First, there is no baby yet. My last doctor's appointment on Thursday was very disappointing. I had not progressed any. I was so upset. I cried all the way home. All last week, all I did was walk, I was so active around the house (my house has never been cleaner), I have done all those things that is supposed to induce labor. Yeah, right....done of those things work. Last week, I was just starting to become miserable. It just hit me all of a sudden too. I was doing fine until last Tuesday. Anyway, to make a long story short....no baby yet. So, I decided to go back to work on Friday since there was no progress. Friday was absolutely the worst day. To be honest, work was not bad, but I was hurting so bad. Not really contractions, but I had the worst back pain in the world. The pain was radiating down my legs, I had so much pressure in my pelvic area too. I had the hardest time walking. I don't know if she was just on a nerve or how she was laying, but I seriously thought I was going to die. I thought numerous times to call the OB unit and talk to one of the nurses there. However, I didn't want to bother them b/c they were calling us for help....so I knew they were busy. Anyway, Friday night, I didn't sleep at all. I was still having that pain. Then Saturday the pain was gone when I woke up, but came back towards the end of the night. Sunday, I was supposed to work, but I was put on call (I was so happy that they did b/c I lost the rest of my mucous plug and I was really tired). Now I am on Maternity leave....I am not going back this time. So, now I am waiting on Miss Lillian to come.
Anyway, at my last doctor's appointment, the doctor pretty much gave me a lecture on evidence based practice on how inducing labor to a first time moms is not healthy for mom or baby.......pretty much all I heard was blah, blah, blah. I really didn't care at that point. I was too upset. All I know is that I'm going to have a big baby and more than likely she will be delivered via c-section. Again, that is fine, but let's schedule the thing then. Right now, I'm an emotional wreck. See, my older sister is getting married May 16th in Seattle, WA. First, I'm upset b/c I can't go see my sister get married....I won't be able to be in any of the family photos and I won't get to see anything in person. That upsets me. Then, the doctor does not plan on doing anything until after I pass my due date, which is Sunday, May 10th. Fine, if I get a c-section they won't schedule it until May 14th or May 15th, which all of my family will be in Seattle. That makes me so so upset. I want my family there or at least on their way when I have my baby. So, you can see I'm just an emotional wreck.

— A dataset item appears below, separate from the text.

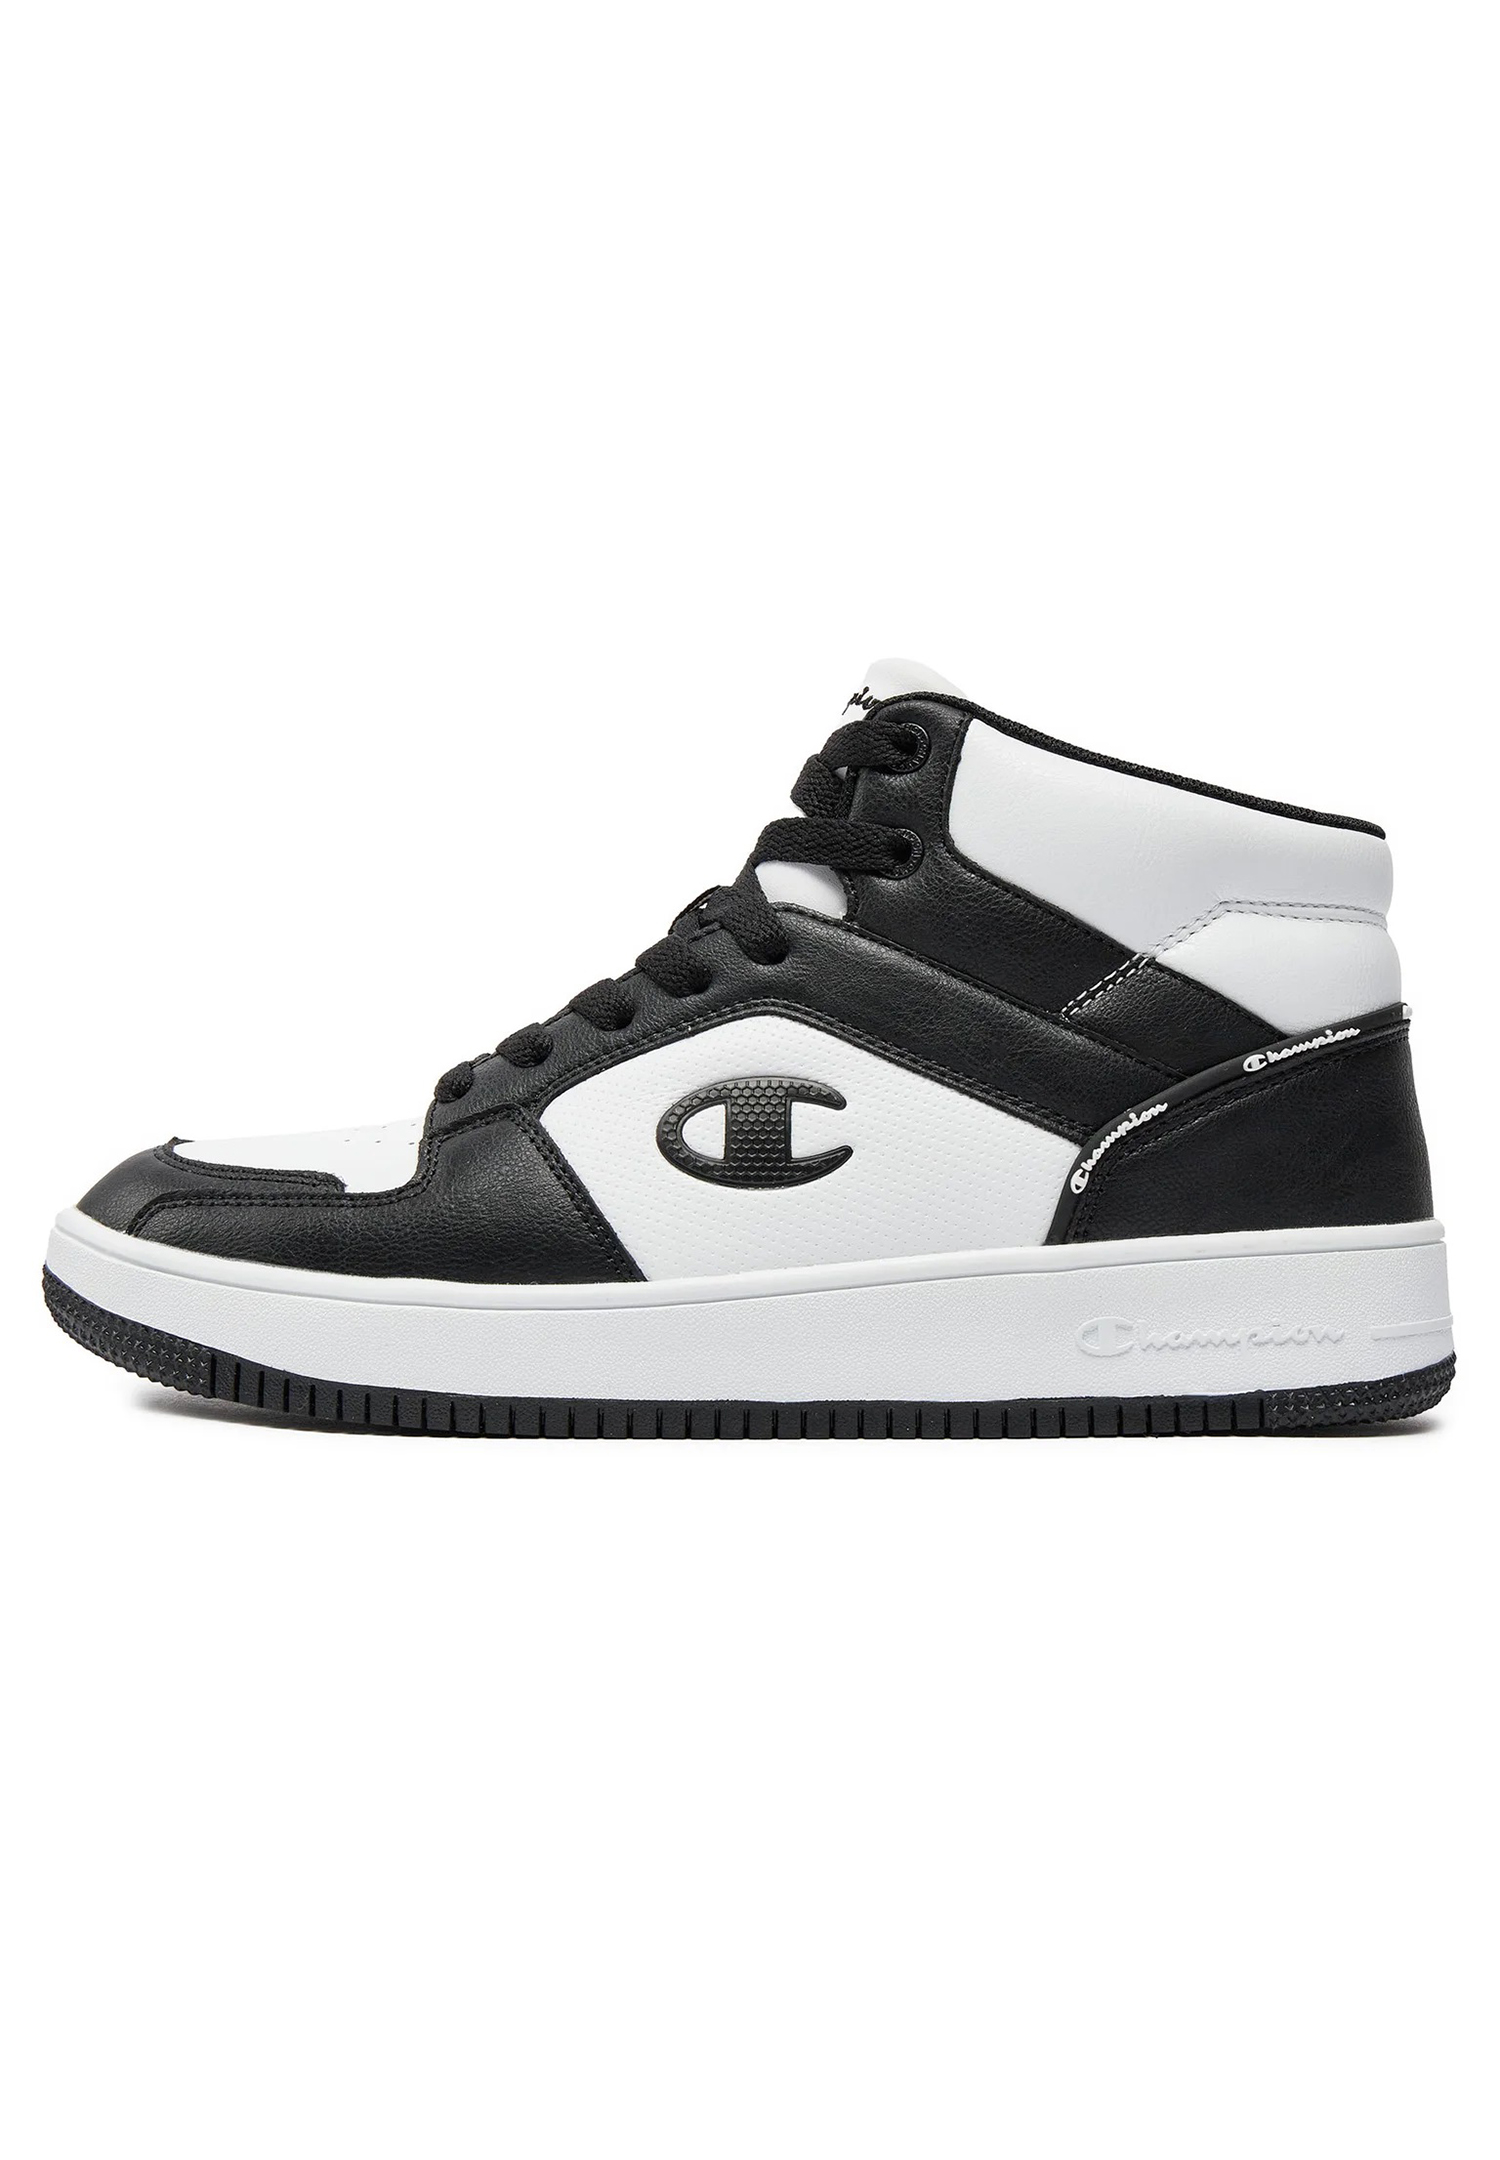 Champion REBOUND 2.0 MID Herren Sneaker S21907-CHA-WW019  weiß/schwarz 
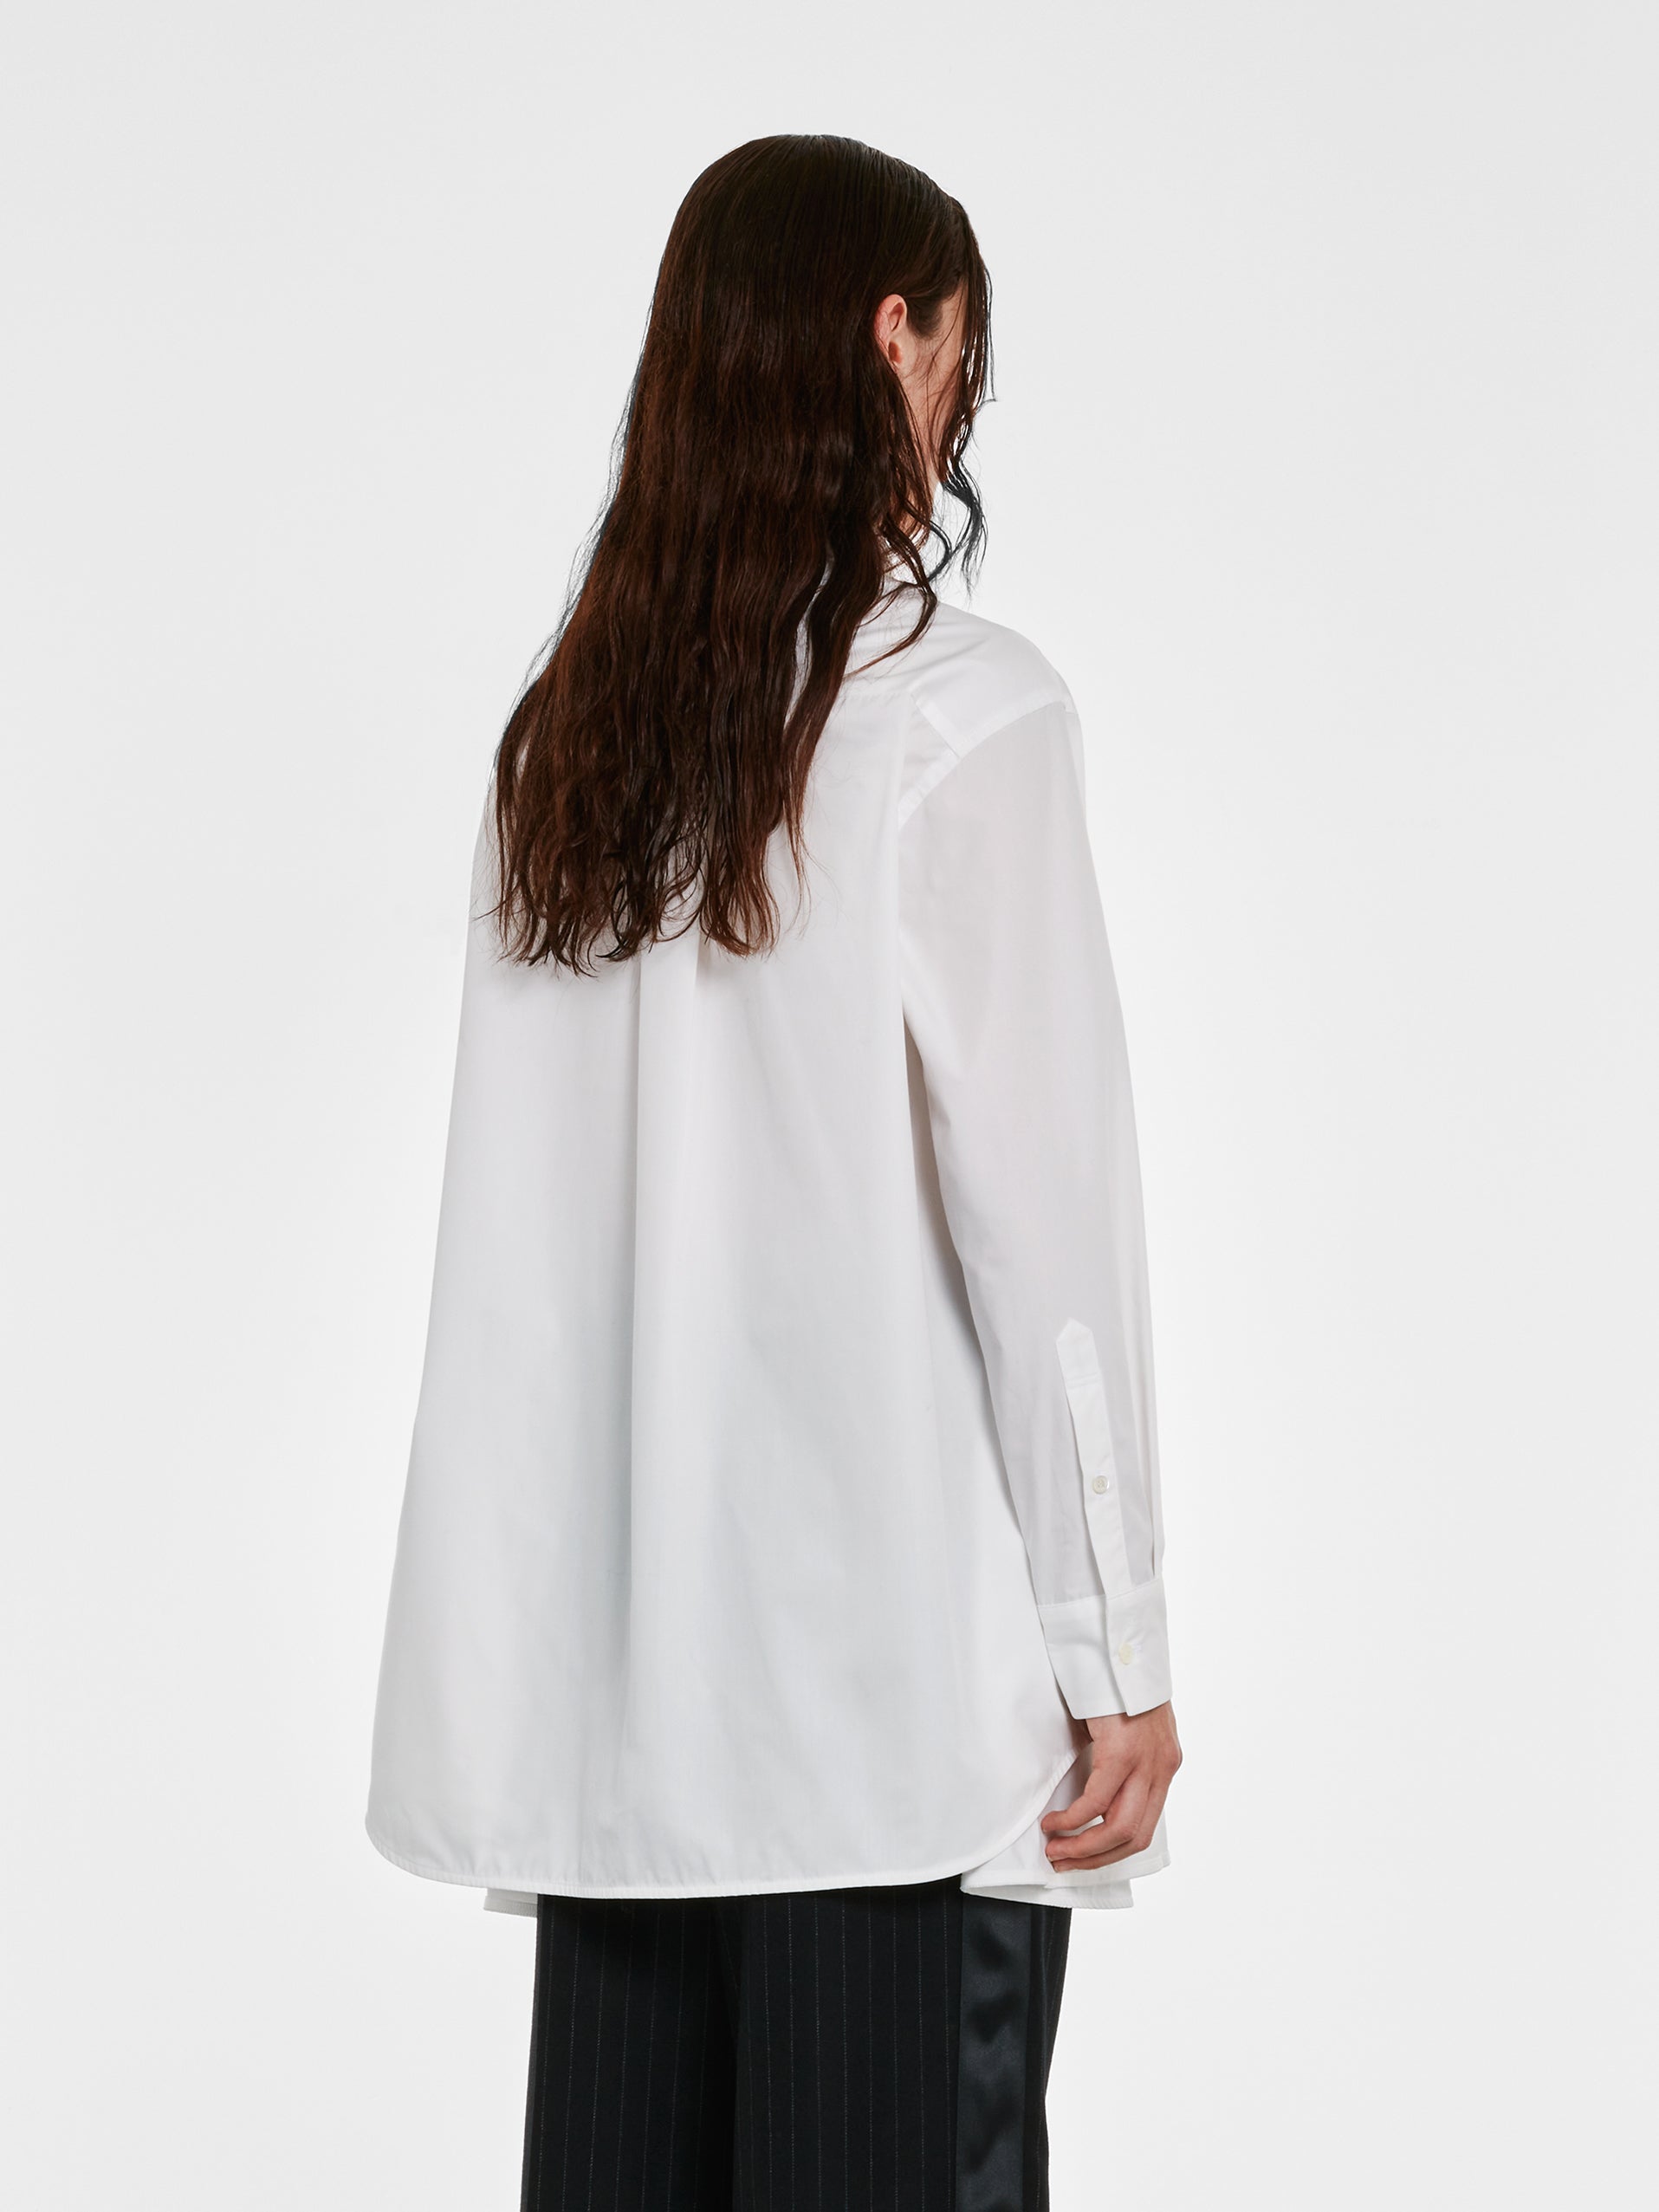 sacai - Women’s Cotton Poplin Dress - (White) view 4

I'm keeping in mind that my mom gave birth to all of her children on her due date. Which is actually pretty impressive. My sister gave birth to my nephew 2 days before her due date. So, I am just holding out....thinking maybe this is a family thing.....we all have our children really close to our due dates. Wishful thinking anyway.
My next appointment is this Thursday. Hopefully, I won't even make it to then. However, if I do, I really hope I hear some good news that I am progressing. I keep telling everyone to think good thoughts for me!! I'll post some pics of my huge belly soon.